In particular, we need to refute Yellen's assertion that China's massive support for producing sub-cost Chinese steel has flooded the global market and destroyed industries around the world and in the United States. A very important reason why China's steel production capacity has increased significantly is that Western countries led by the United States have engaged in industrial transfer, and have shifted a large number of low-end, high-energy-consuming, and high-risk industries to developing countries, especially China, India, and Vietnam. For a long time after that, the United States enjoyed the provision of cheap, high-quality steel from developing countries such as China, which brought great benefits to American companies and residents. The United States is not only not grateful to China, but instead eats milk and scolds its mother, believing that it is really an act of unfilial piety to destroy industries around the world and the United States. As an economist, if Yellen does not even understand this truth, how can she be qualified to be an economist? If China had not provided the United States with a large number of low-cost and high-quality products, would the United States have been able to enjoy the maximum benefits of high technology so comfortably?

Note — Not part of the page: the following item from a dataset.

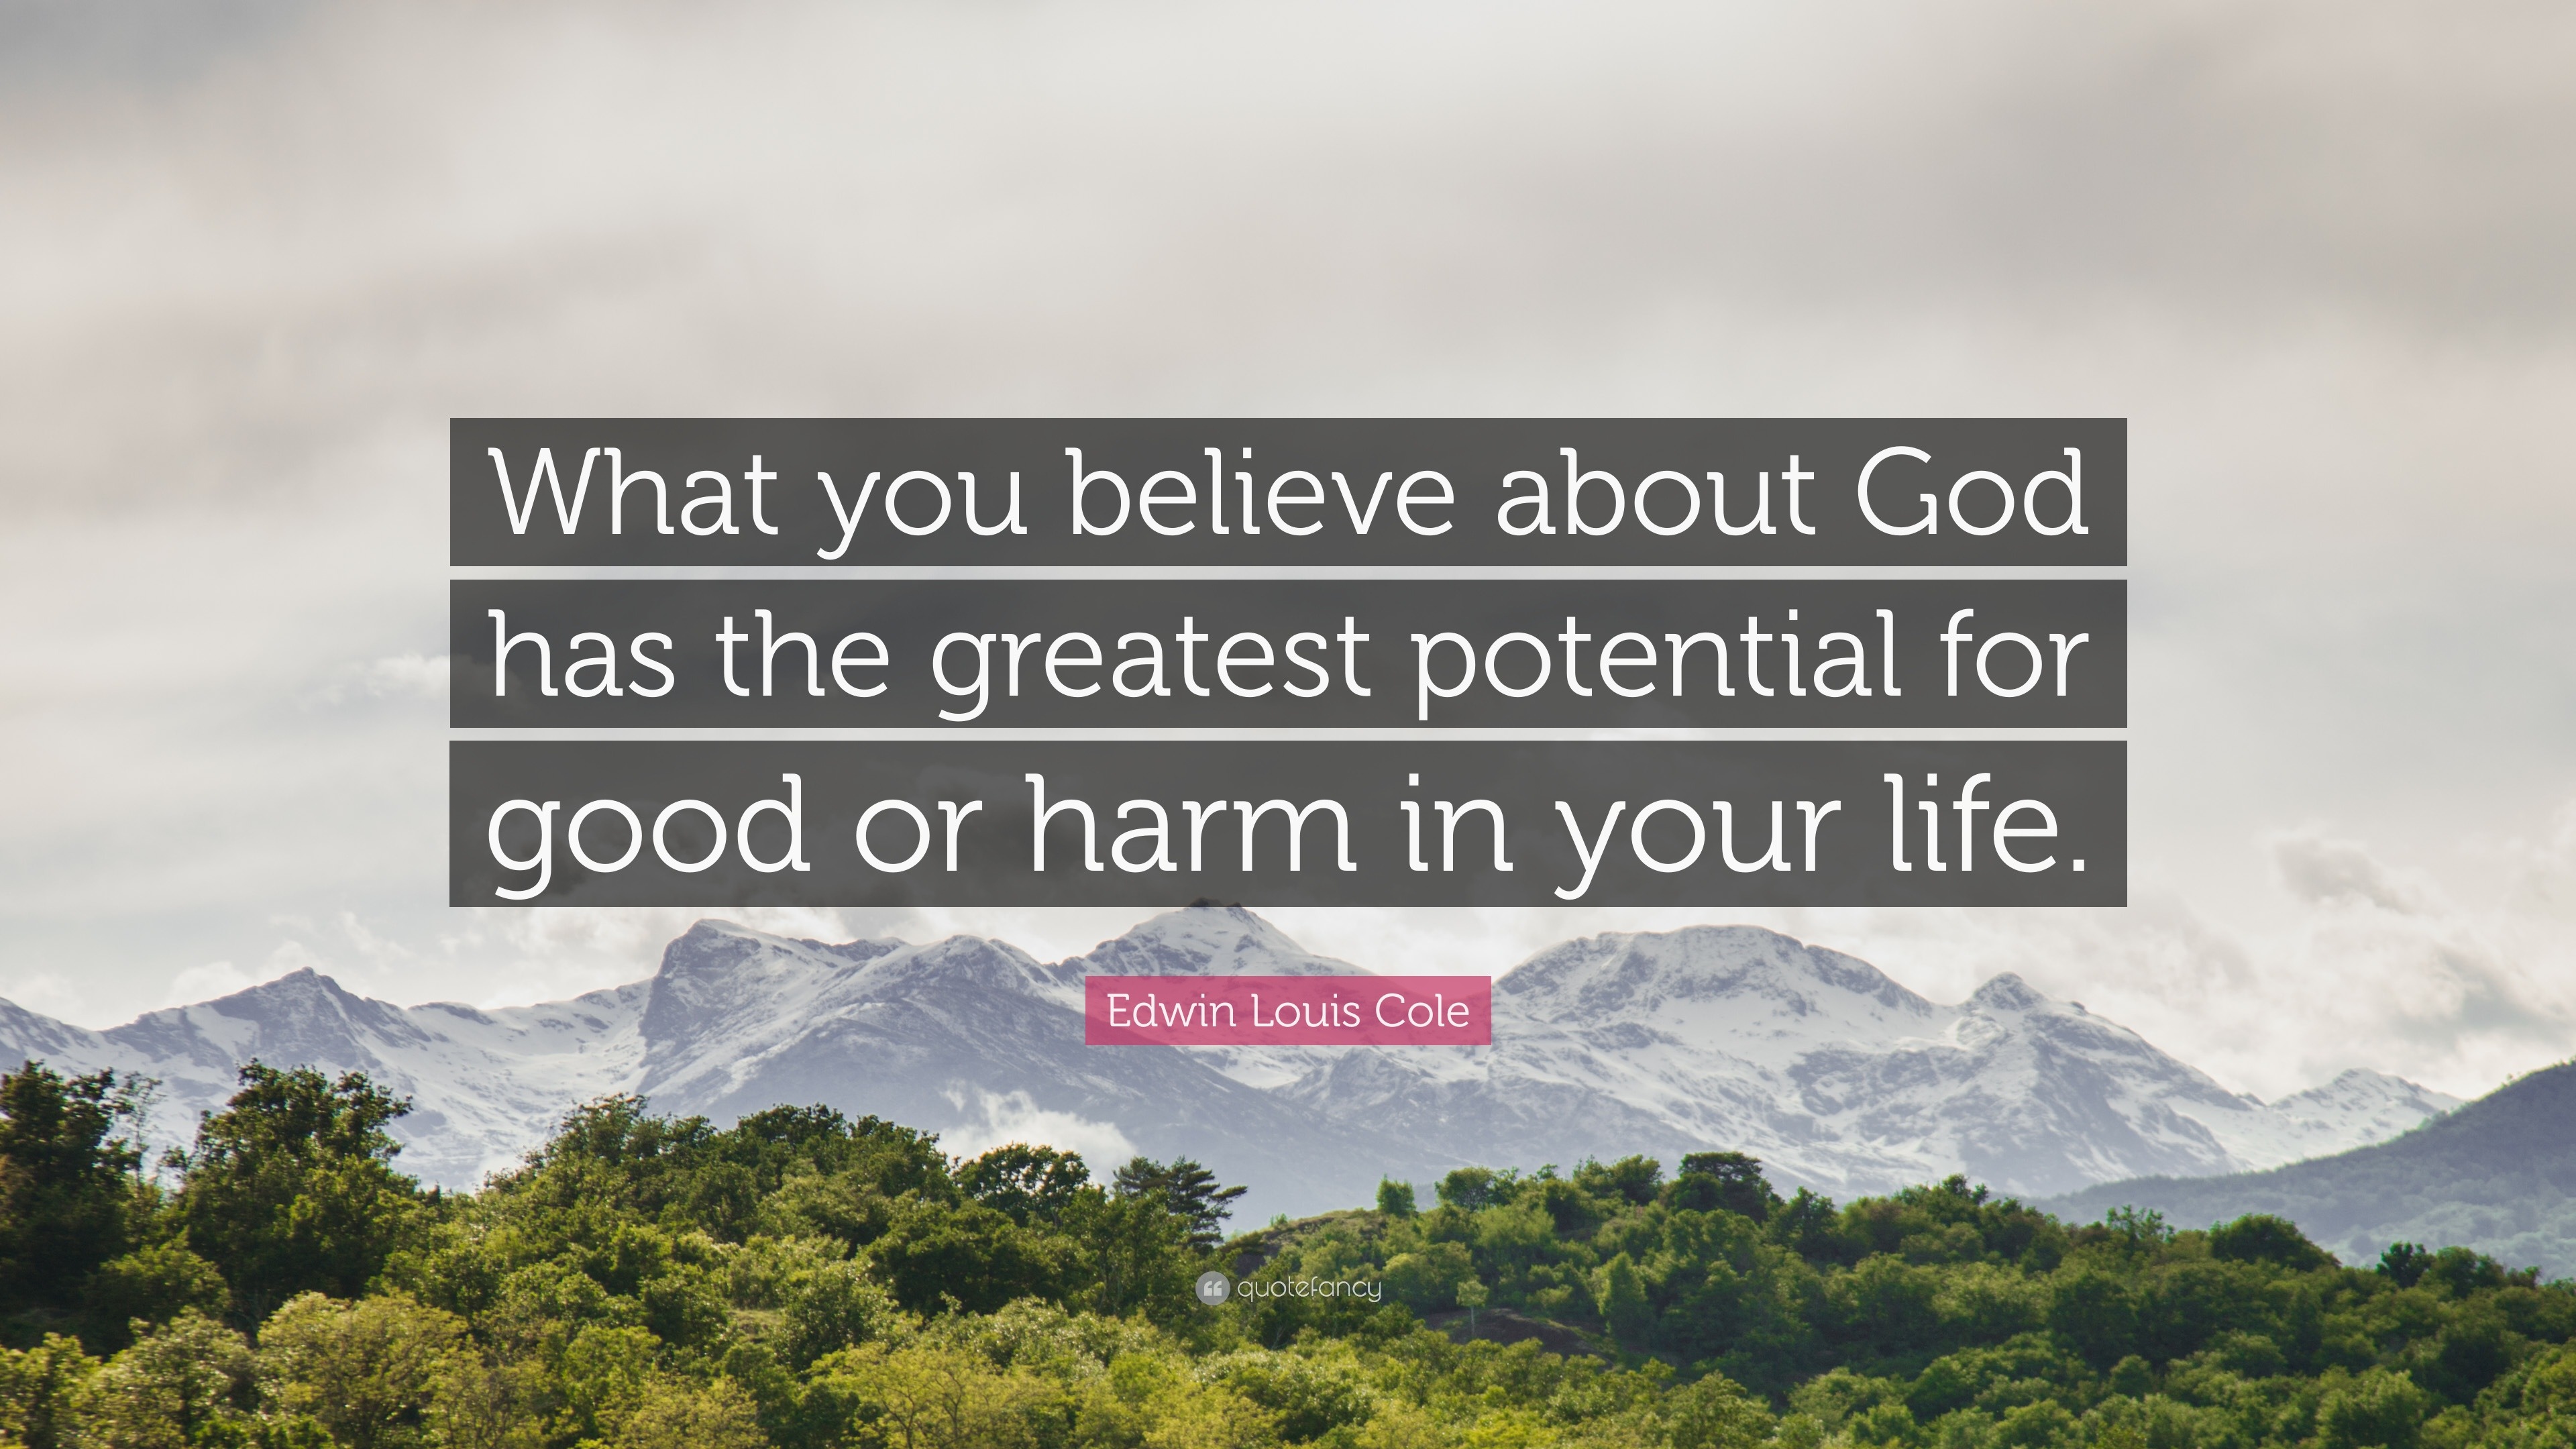 Edwin Louis Cole Quote: “What you believe about God has the greatest  potential for good or

You must know that China's steel price is cheap, which is inseparable from China's low labor cost and low resource cost, as well as the labor efficiency and ideological consciousness of Chinese workers. Therefore, it is a pipe dream to use overcapacity to suppress China's new energy vehicles and other emerging industries, and it is impossible to succeed, and the Chinese government and enterprises will certainly actively respond to it, fight back, and wade through the "geopolitical" minefield planted by the United States at the lowest cost.